Kritik Pasal Unjuk Rasa KUHP Baru Sebagai Delik Ketertiban Umum
Terbaru

Kritik Pasal Unjuk Rasa KUHP Baru Sebagai Delik Ketertiban Umum

Semestinya memuat definisi yang lebih ketat terkait “menggangu kepentingan umum”. Harus membaca teks Pasal 256 KUHP nasional secara utuh dan konteksnya serta penjelasannya, sebagai satu kesatuan yang tidak dapat dipisahkan.

Rofiq Hidayat
Bacaan 4 Menit

Pasal 256 KUHP Baru

“Setiap Orang yang tanpa pemberitahuan terlebih dahulu kepada yang berwenang mengadakan pawai, unjuk rasa, atau demonstrasi di jalan umum atau tempat umum yang mengakibatkan terganggunya kepentingan umum, menimbulkan keonaran, atau huru-hara dalam masyarakat, dipidana dengan pidana penjara paling lama 6 (enam) Bulan atau pidana denda paling banyak kategori II.”

Bersifat unsur kumulatif

Terpisah, Dosen Hukum Pidana Fakultas Hukum Universitas Trisakti Azmi Syahputra melihat rumusan norma Pasal 256 KUHP baru secara utuh. Dia memahami masih ada kekhawatiran masyarakat terkait pengaturan pemidanaan atas hak menyampaikan pendapat di muka umum. Padahal, berekspresi dan menyampaikan pendapat menjadi bagian dalam perwujudan demokrasi dan HAM.
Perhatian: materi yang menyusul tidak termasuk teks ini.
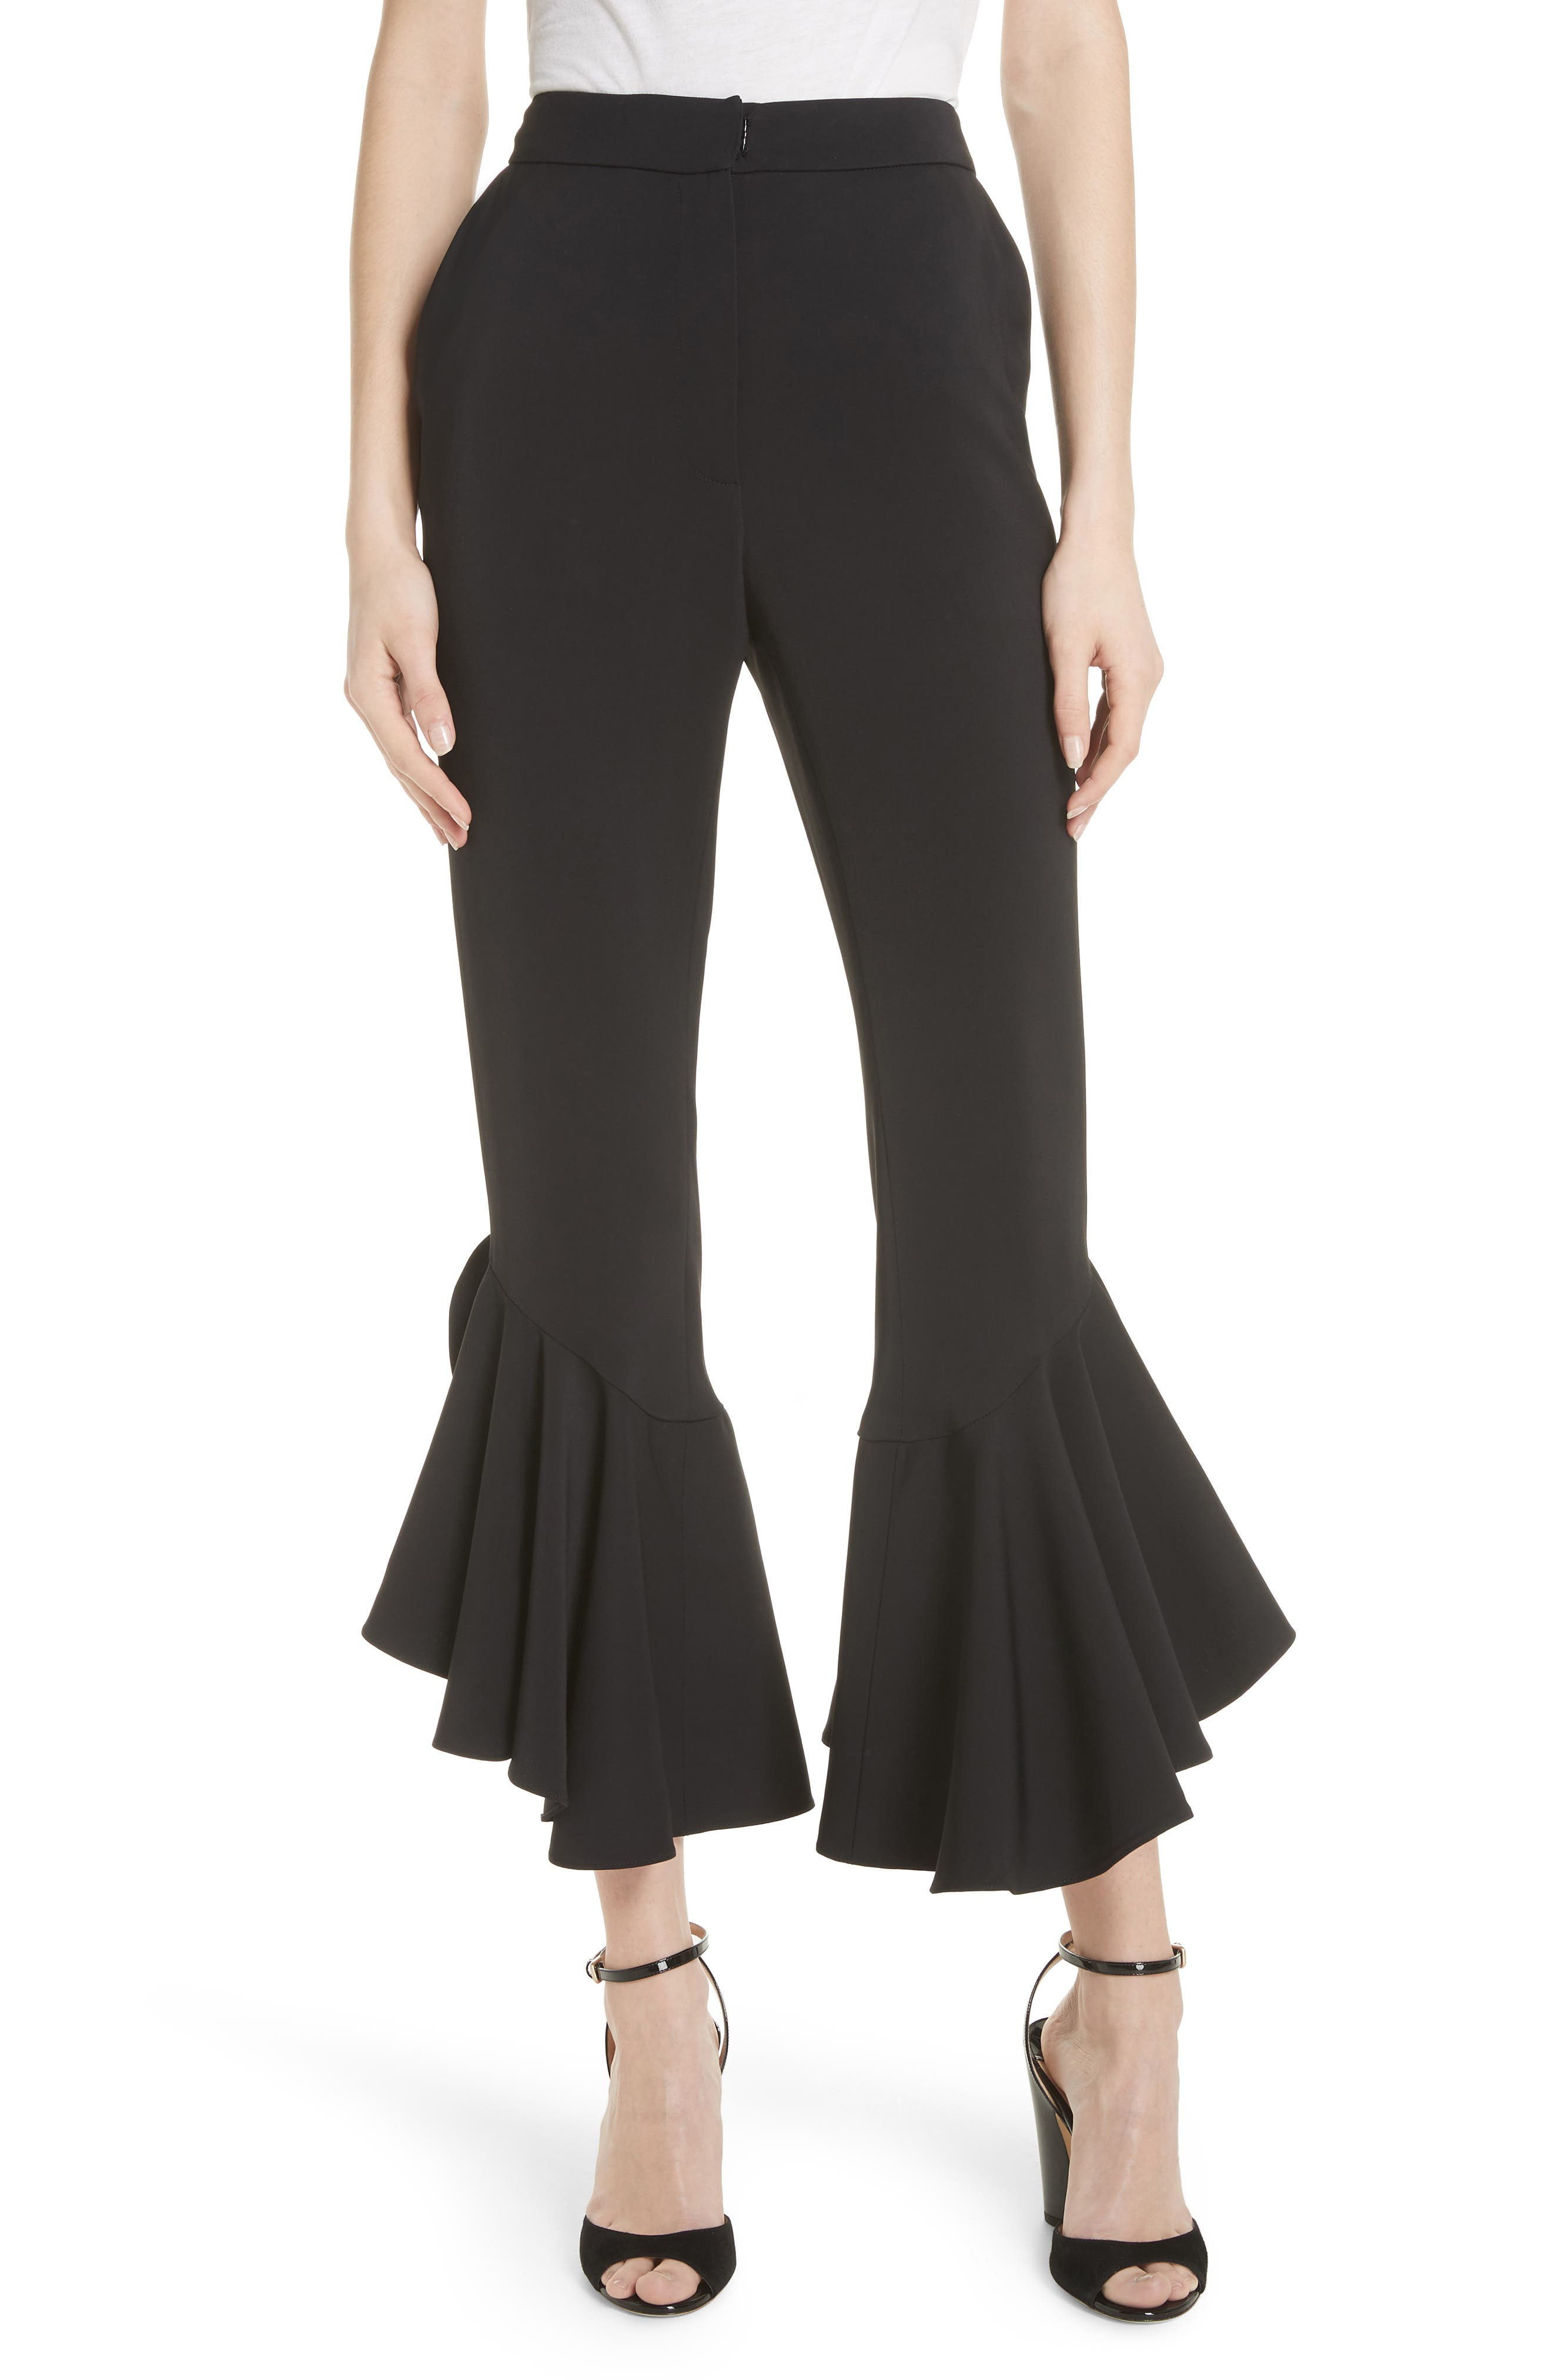 TRACY REESE Ruffle Pants, Main, color, 001

“Untuk ini, perlu memahami teks dan konteksnya serta penjelasannya, hal ini menjadi satu kesatuan yang tidak dapat dipisahkan,” ujarnya.

Dia menerangkan unsurnya bersifat kumulatif. Malahan termasuk dalam delik materil yang menitikberatkan pada timbulnya akibat yang dilarang. Karenanya, mesti dibaca klausul Pasal 256 secara utuh keseluruhan. Setidaknya terdapat 3 unsur dalam Pasal 256. Pertama, tanpa ada pemberitahuan. Kedua,unjuk rasa. Ketiga, timbul kerusuhan. Dengan demikian, unsur dalam Pasal 256 bersifat kumulatif yang harus dibuktikan satu per satu.

Menurutnya, bila terdapat demonstrasi, unjuk rasa maupun pawai tanpa adanya pemberitahuan, maka ketentuan aturan yang diterapkan menggunakan Pasal 15 UUU No.9 Tahun 1998 tentang Kemerdekaan Menyampaikan Pendapat di Muka Umum. Sanksinya, dibubarkan, bukan malah pidana sebagaimana diatur dalam Pasal 256 KUHP. “Karena Pasal 256, harus terpenuhi ke-3 unsur tersebut diatas,” ujarnya.

Dia melanjutkan rumusan Pasal 25 sebagai upaya menjaga dan mengantisipasi akibat yang tidak diharapkan demi menjaga dimensi harmoni keseimbangan demokrasi. Kemudian kewajiban dan hak dalam melindungi hak asasi guna menjalankan aktivitas kehidupan bermasyarakat dan bernegara. Menurutnya, penjelasan Pasal 256 KUHP nasional dibatasi apabila aksi unjuk rasa, demontrasi maupun pawai berakibat tidak berfungsinya pelayanan publik.

Penjelasan Pasal 256 KUHP nasional menyebutkan, “Yang dimaksud dengan ‘terganggunya kepentingan umum’ adalah tidak berfungsinya atau tidak dapat diaksesnya pelayanan publik akibat kerusakan yang timbul dari adanya pawai, unjuk rasa, atau demonstrasi”.